The following clause would be inserted only if the health care organization intends to fund some or all of the company’s product development work that is necessary to meet actual contract or RFP requirements.
- Describe your process for demonstration, acceptance testing, and certification and validation of the product’s interoperability for the standards listed above. If you propose to provide independent validation and verification of capability, the full price of that effort should be described.
- Describe your processes for product maintenance and upgrades to accommodate new interface technology, new interface standards, updated interface standards, or new product functionality.
MODULAR OPEN SYSTEMS ARCHITECTURE LANGUAGE
Interoperability steering groups and procurement teams within health care organizations and networks may find the DoD Open Systems Architecture Contract Guidebook for Program Managers, v1.1 (DoD Open Systems Architecture Data Rights Team, 2013) useful in developing procurement strategies and contract languages. The guidebook includes the following items that procurement teams can tailor for their respective “open systems” declaration statements and general vendor guidance:
Modular Open Systems Architecture—highlights the need for contractors to describe their approach to modularization of their product and emphasizes the need for these modules to be of a size that supports competitive acquisition as well as reuse.
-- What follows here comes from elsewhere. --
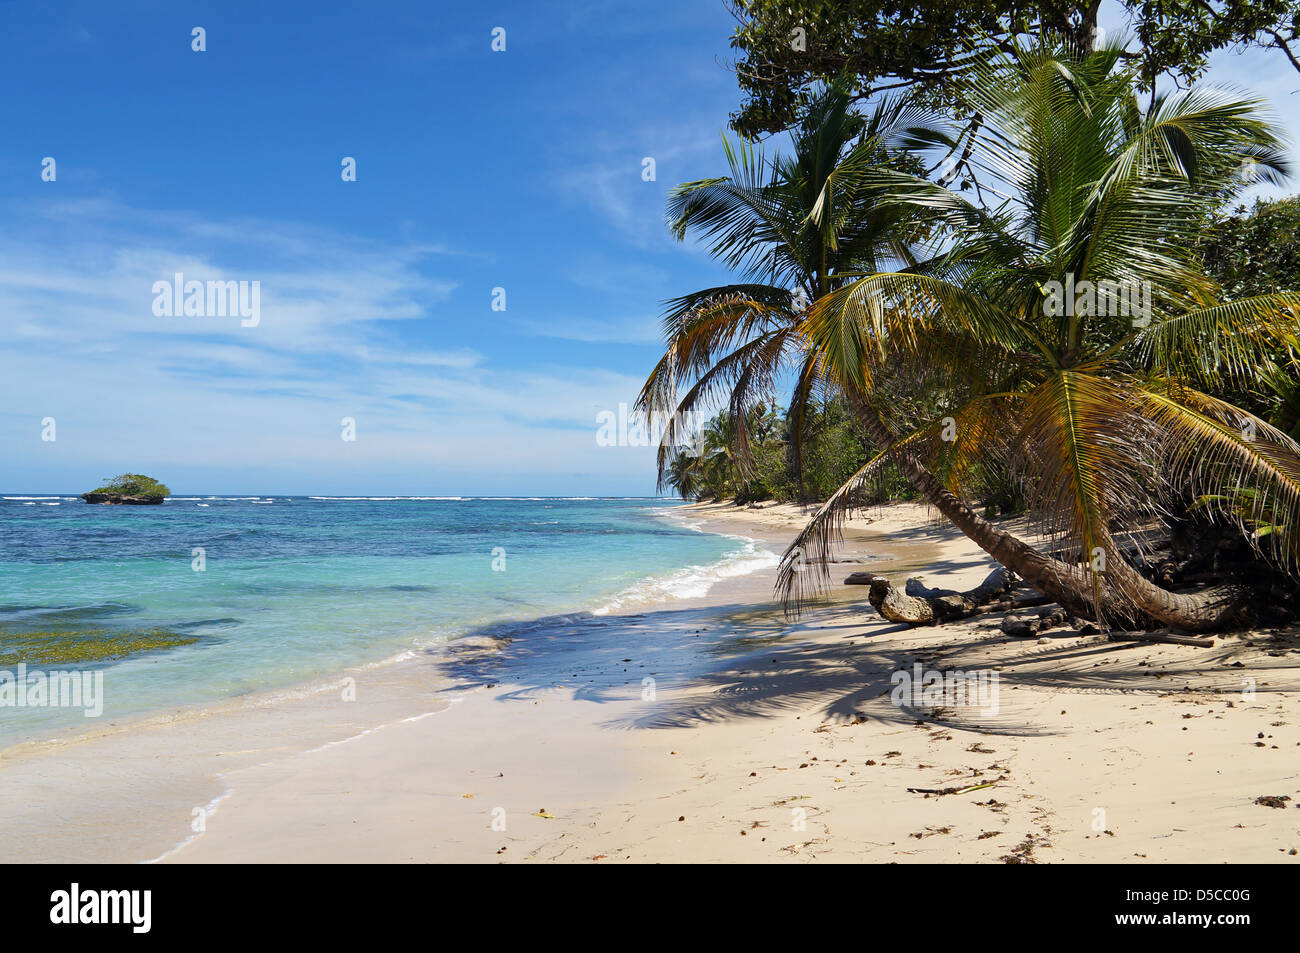 Tropical selvaggia spiaggia di sabbia con un isolotto, palme da cocco e acque turchesi Foto Stock

Technology Insertion—highlights the importance of the contractor’s use of an architectural approach supportive of the rapid and affordable insertion and refreshment of technology through modular design, the use of open standards, and open interfaces.
Interface Design and Management—outlines the level of detail needed related to the description of interfaces between all components and systems, including but not limited to mechanical, electrical (power and signal wiring), software, firmware, and hardware interface specifications.
Treatment of Proprietary or Vendor-Unique Elements—emphasizes the importance of requiring the contractor to (a) explain the use of proprietary, vendor-unique, or closed components or interfaces and (b) identify and justify proprietary, vendor-unique, or closed interfaces, code modules, hardware, firmware, or software to be used. Further, the guidebook underscores the importance of requiring the contractor to demonstrate that proprietary elements do not preclude or hinder other component or module developers from interfacing with or otherwise developing, replacing, or upgrading open parts of the system.
Open Business Practices—highlights the importance of describing how modularity of the system design promotes the identification of multiple sources of supply and/or repair, and supports flexible business strategies that enhance subcontractor competition.
Use of Standards—prioritizes the order of importance of standards based on the nature of those standards (descending importance):
- standards as specified within the contract’s commercial standards;
- standards developed by international or national industry standards bodies that have been widely adopted by industry;
- standards adopted by industry consensus-based standards bodies and widely adopted in the marketplace; and
- de facto standards (those widely adopted and supported in the marketplace).